Bombril, ícone do consumo nacional, volta a pedir proteção contra credores

Tradicional fabricante de produtos de limpeza, a Bombril entrou com pedido de recuperação judicial, alegando dificuldades financeiras agravadas por um passivo tributário bilionário e altas taxas de juros sobre suas dívidas.

Segundo a petição inicial apresentada na noite desta segunda (10), a empresa busca evitar um colapso financeiro e diz que tem viabilidade para continuar operando. A Bombril, que afirma estar presente "em mais de 90% dos lares brasileiros", diz que pode sair da crise.

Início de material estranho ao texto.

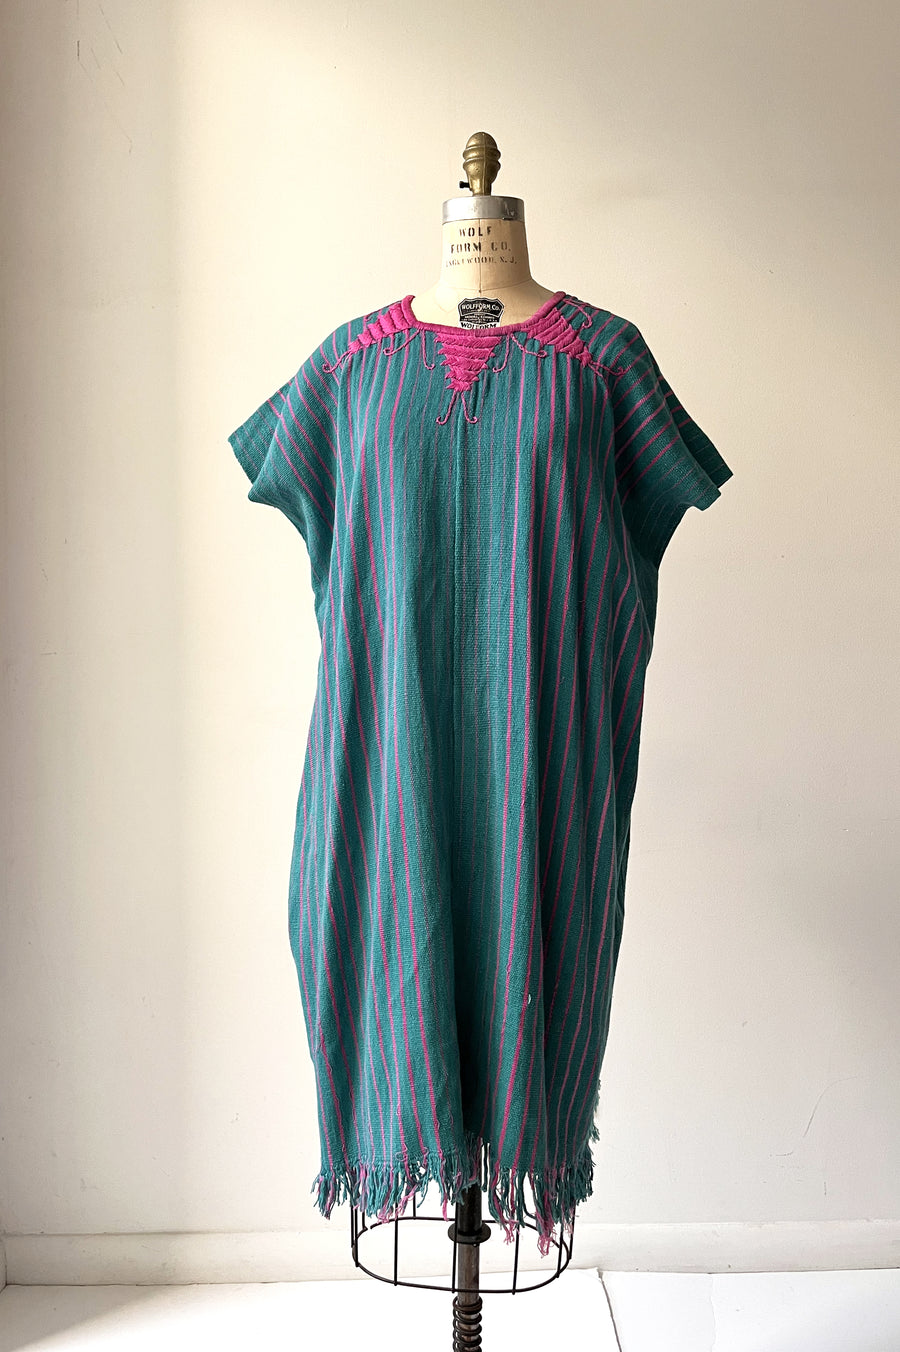 Vintage Teal and Pink Embroidered Dress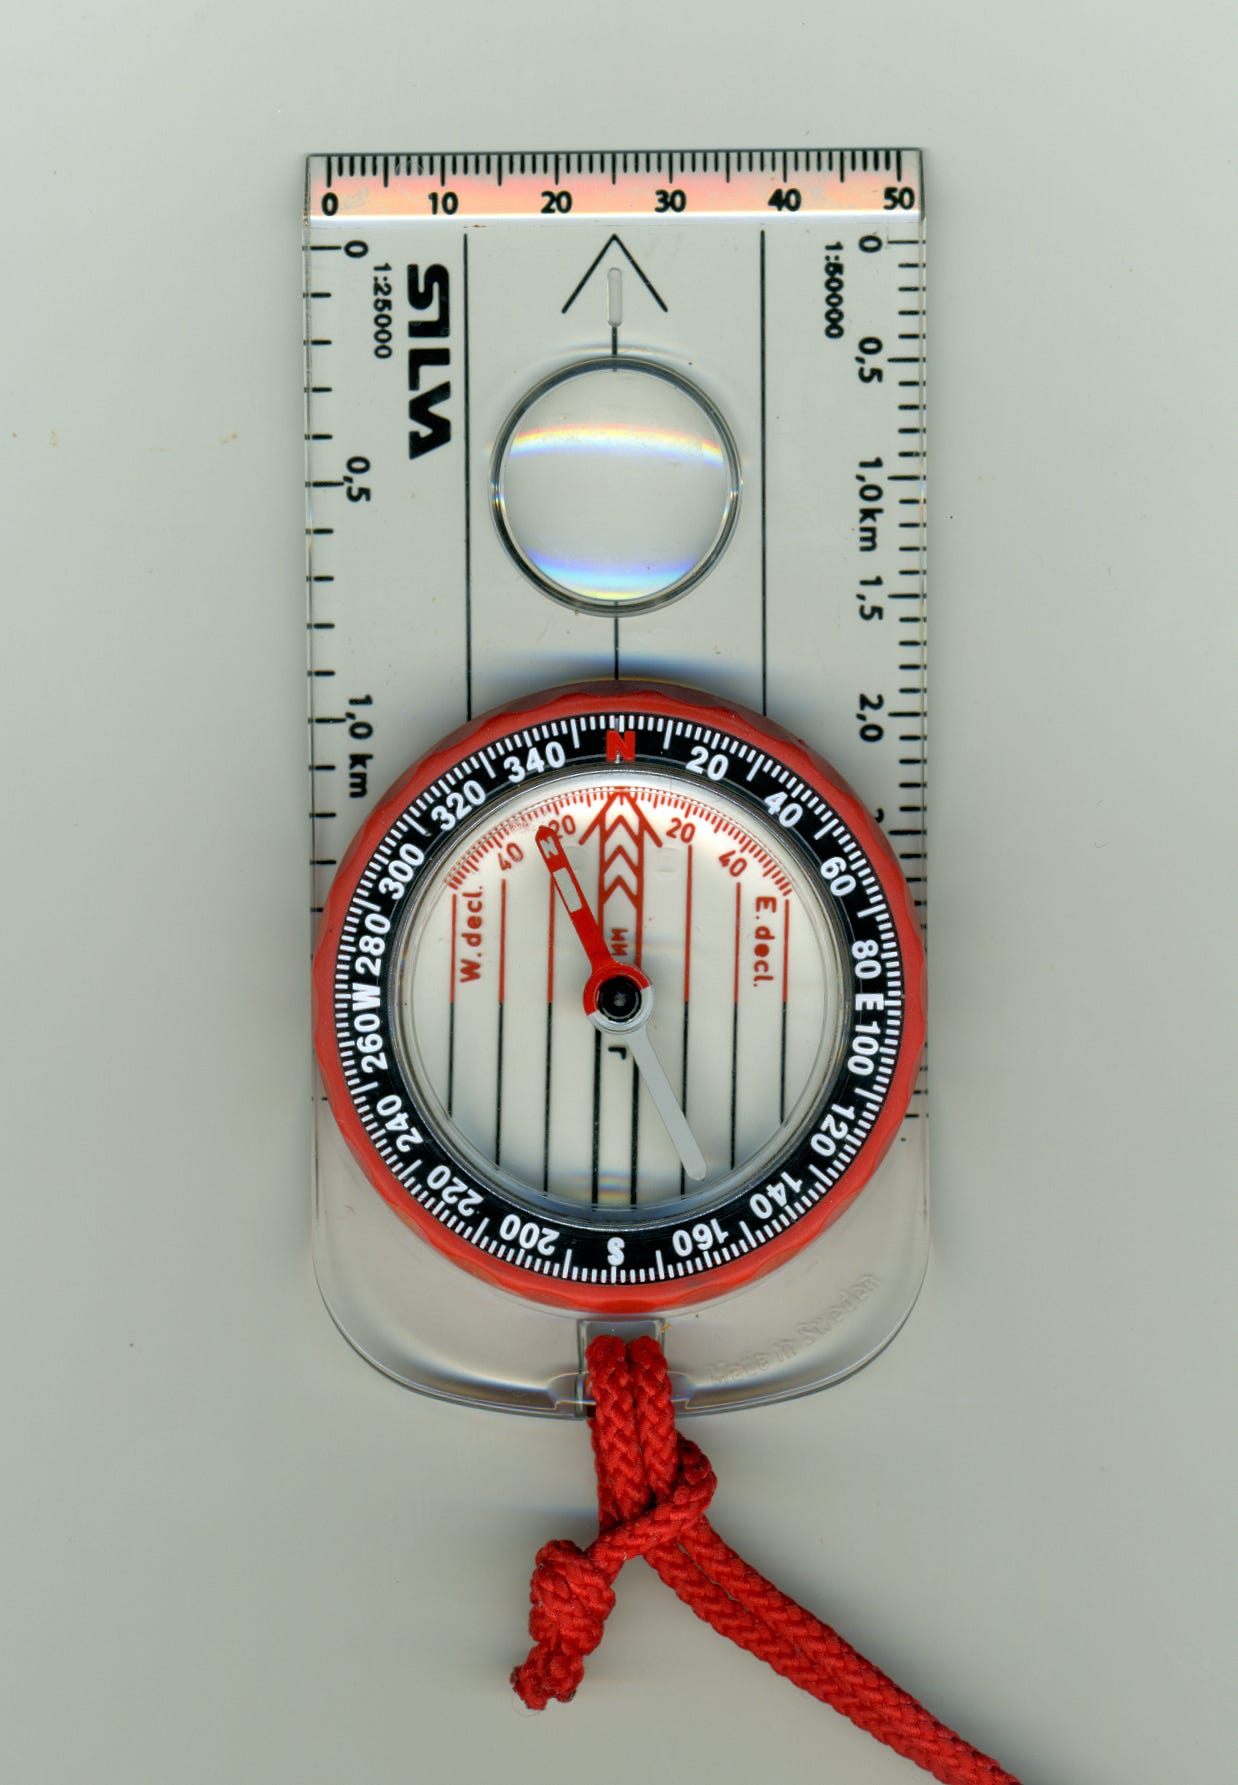 A picture of a compass; a orange cord is tied to one end. The dial and compass arrow are a reddish orange color. The compass is transparent but has markings and rulers on the sides.

Não é a primeira vez que a Bombril recorre à recuperação judicial. Entre 2003 e 2006, a empresa já operou sob esse regime especial para renegociação de dívidas. Em 2017, ela passou por uma reestruturação que permitiu que voltasse a lucrar, mas não o suficiente para superar a situação de endividamento crônico.

Desta vez, o gatilho que levou a Bombril a recorrer à recuperação judicial é a sua dívida tributária, resultado de operações financeiras realizadas na gestão do empresário italiano Sergio Cragnotti, que comprou o controle da empresa nos anos 1990. Segundo o documento protocolado na Justiça de São Paulo, o empresário deixou de pagar os tributos de investimentos no exterior, gerando uma dívida bilionária com o fisco brasileiro.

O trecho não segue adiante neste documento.